==== RECORDS PROVIDED ====

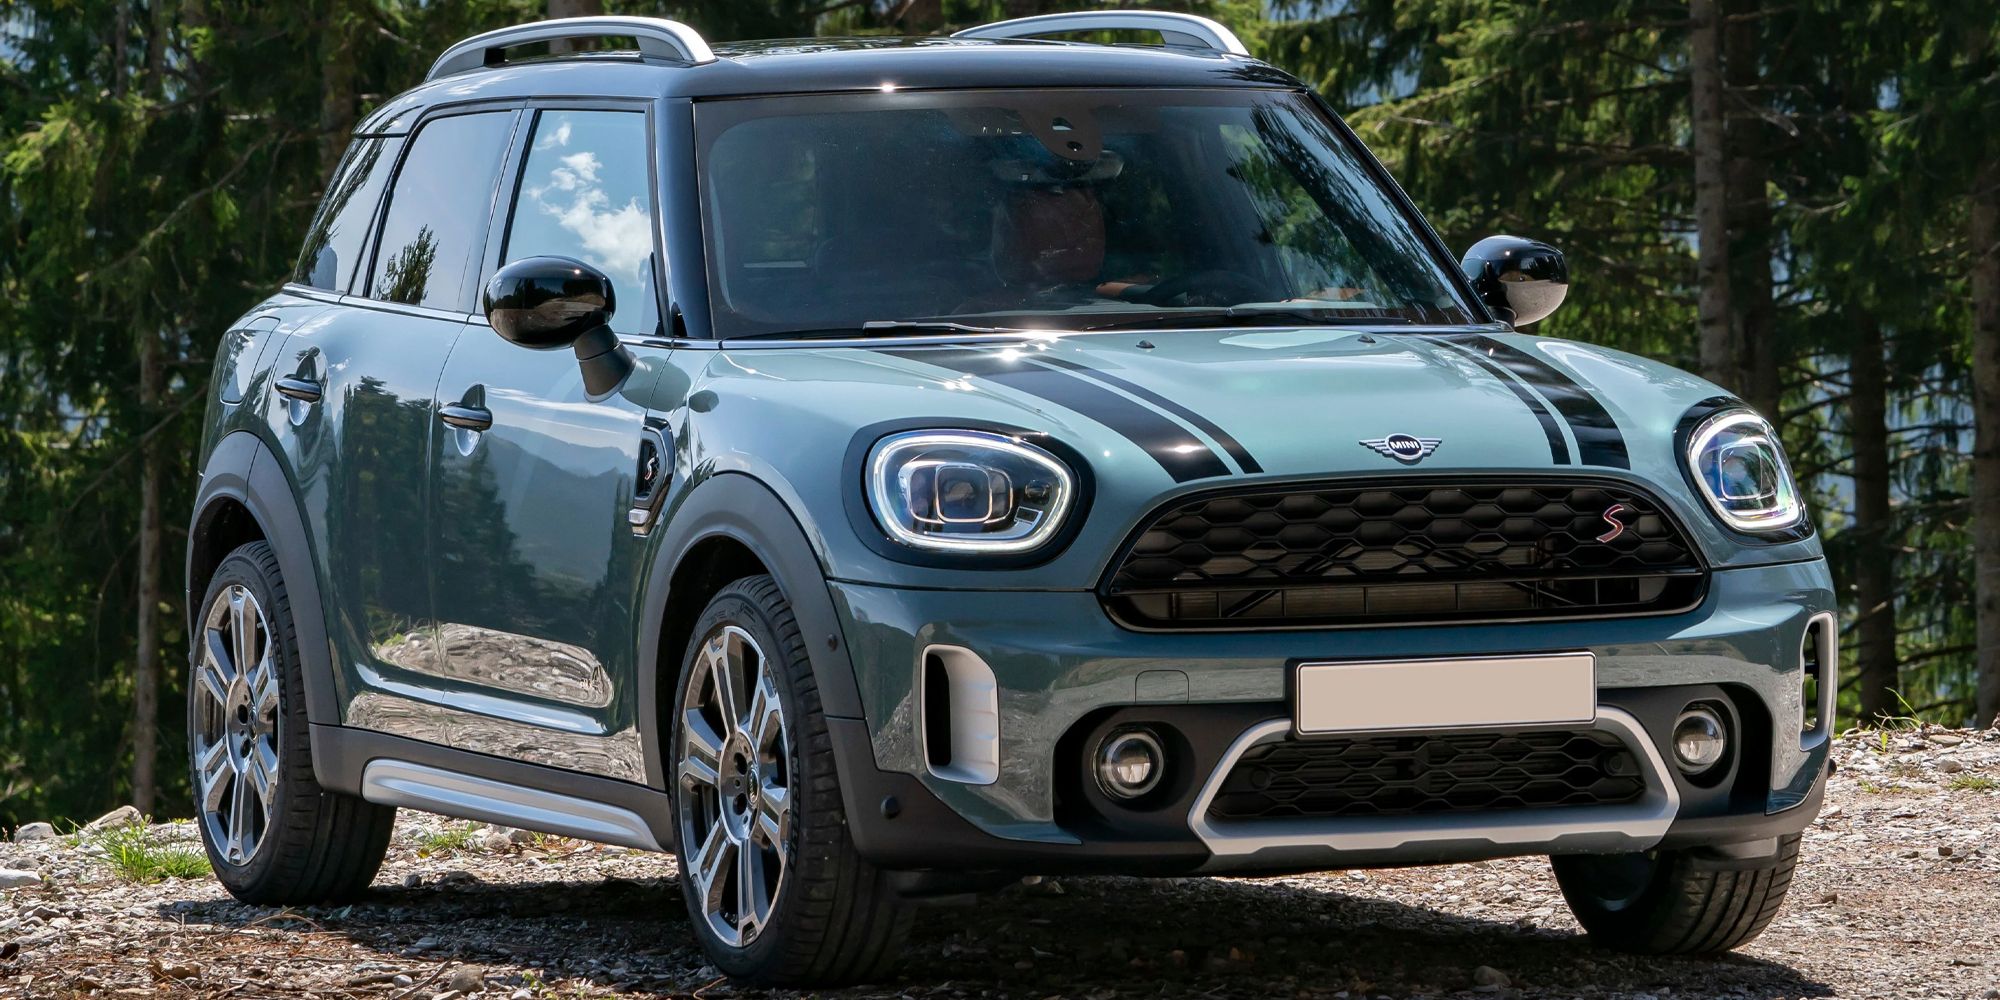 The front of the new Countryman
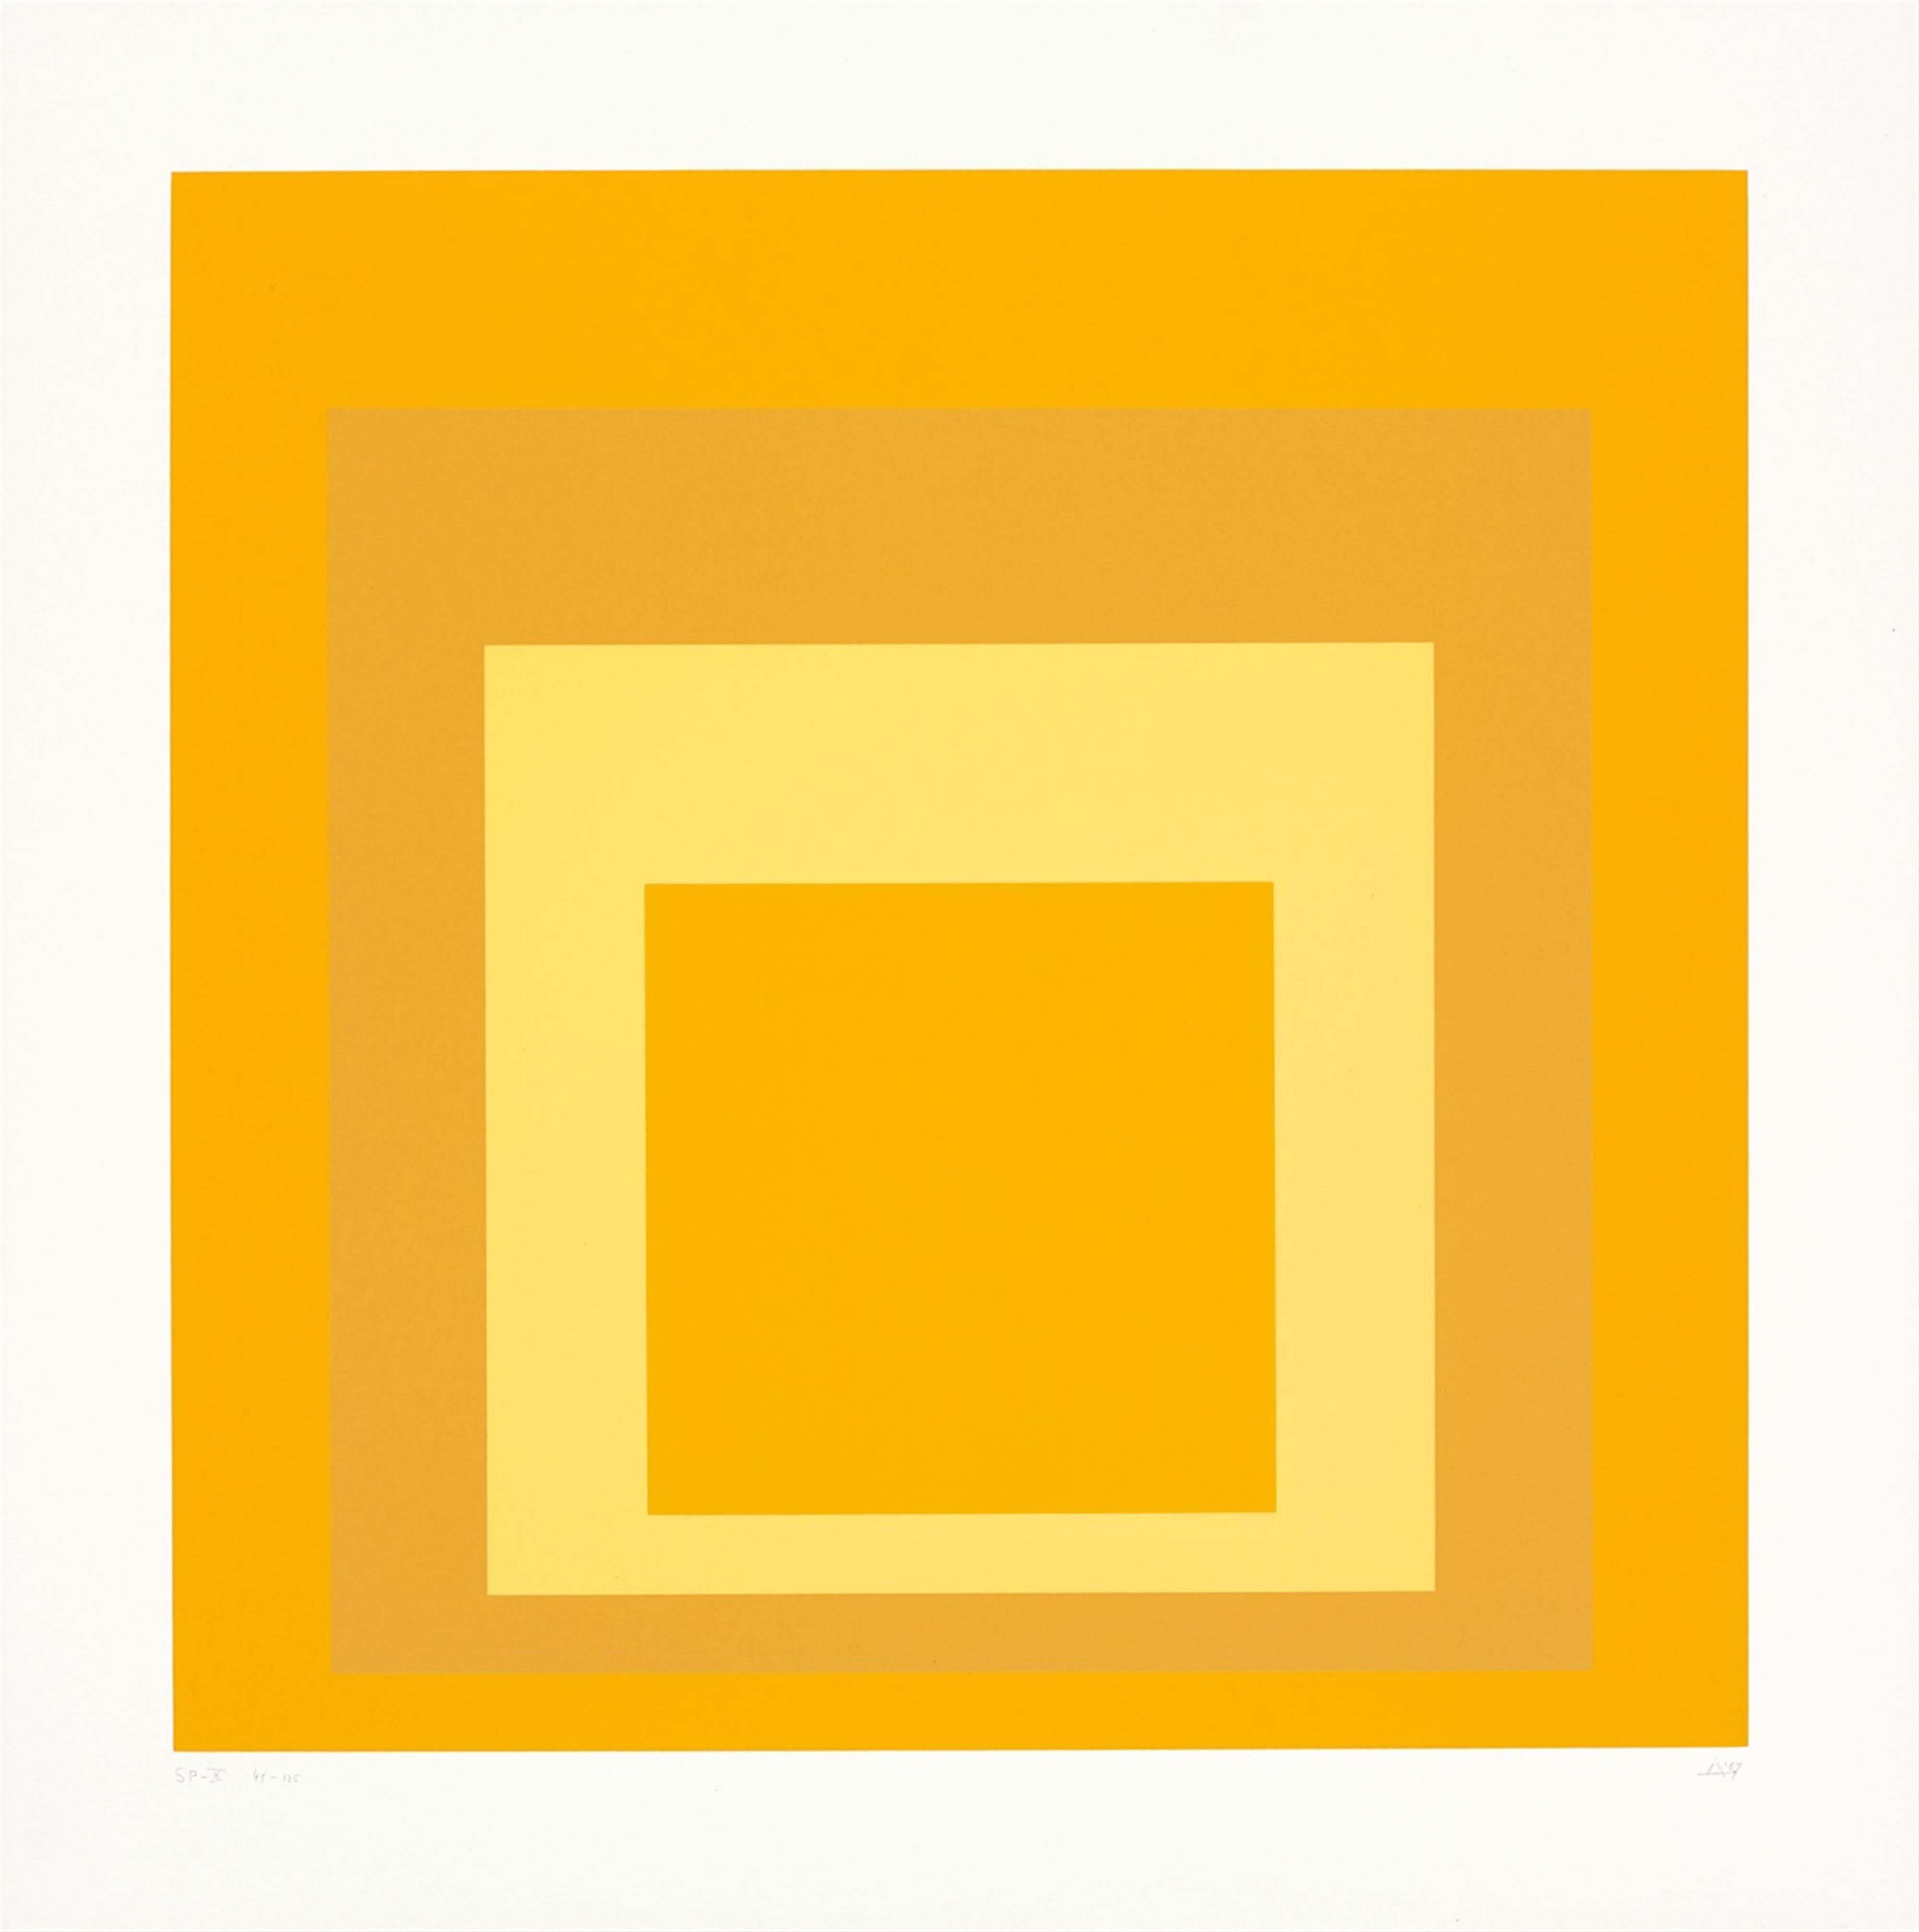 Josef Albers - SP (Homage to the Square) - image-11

====
==== RECORDS PROVIDED ====

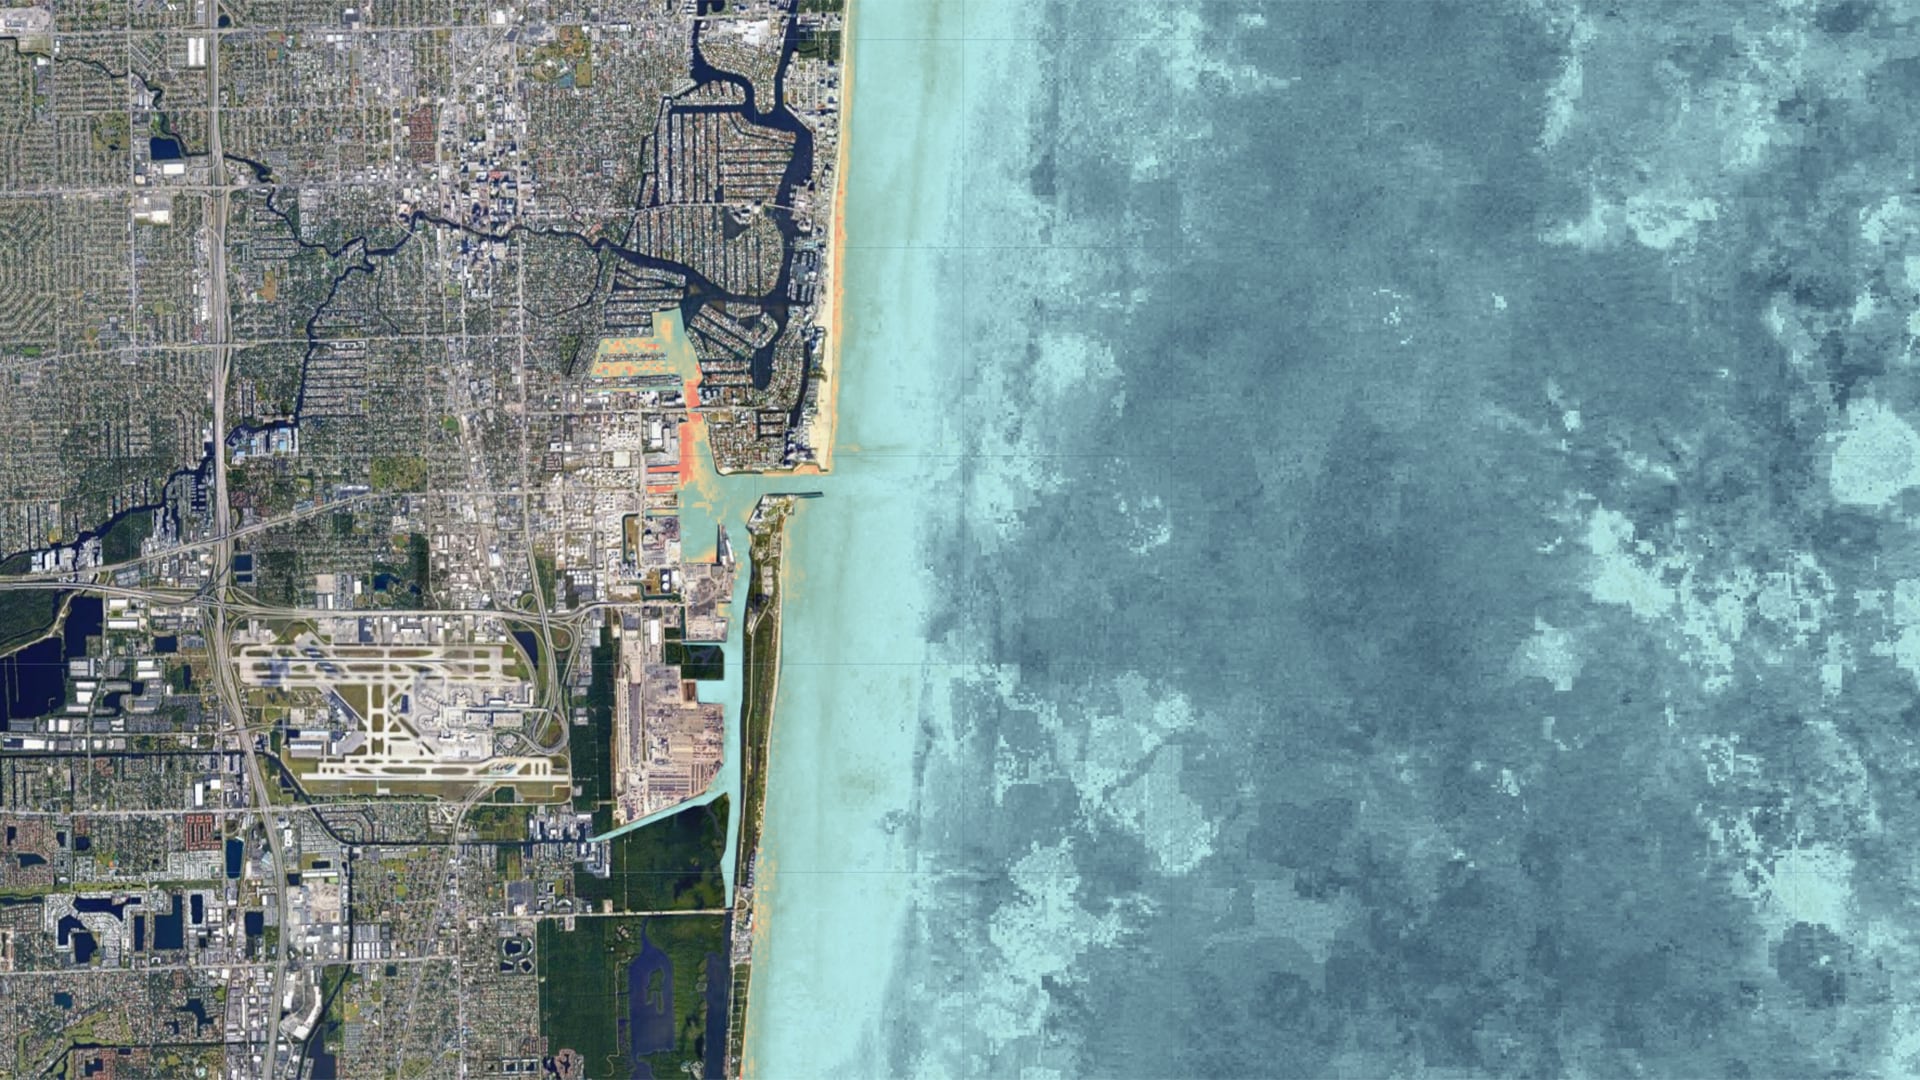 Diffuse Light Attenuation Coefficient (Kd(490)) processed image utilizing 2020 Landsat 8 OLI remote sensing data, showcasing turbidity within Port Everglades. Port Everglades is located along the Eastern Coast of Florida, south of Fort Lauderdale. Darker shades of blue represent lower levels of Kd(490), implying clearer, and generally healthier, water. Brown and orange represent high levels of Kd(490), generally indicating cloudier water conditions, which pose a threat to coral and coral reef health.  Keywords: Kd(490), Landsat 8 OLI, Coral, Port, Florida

====

> PROBLEM TO SOLVE
The material above holds pictures; leave them out. Repeat exactly the lines from the one containing "The front of the new Countryman" through the one containing "Josef Albers - SP", and nothing else.

> TASK ANSWER
 The front of the new Countryman
 Josef Albers - SP (Homage to the Square) - image-11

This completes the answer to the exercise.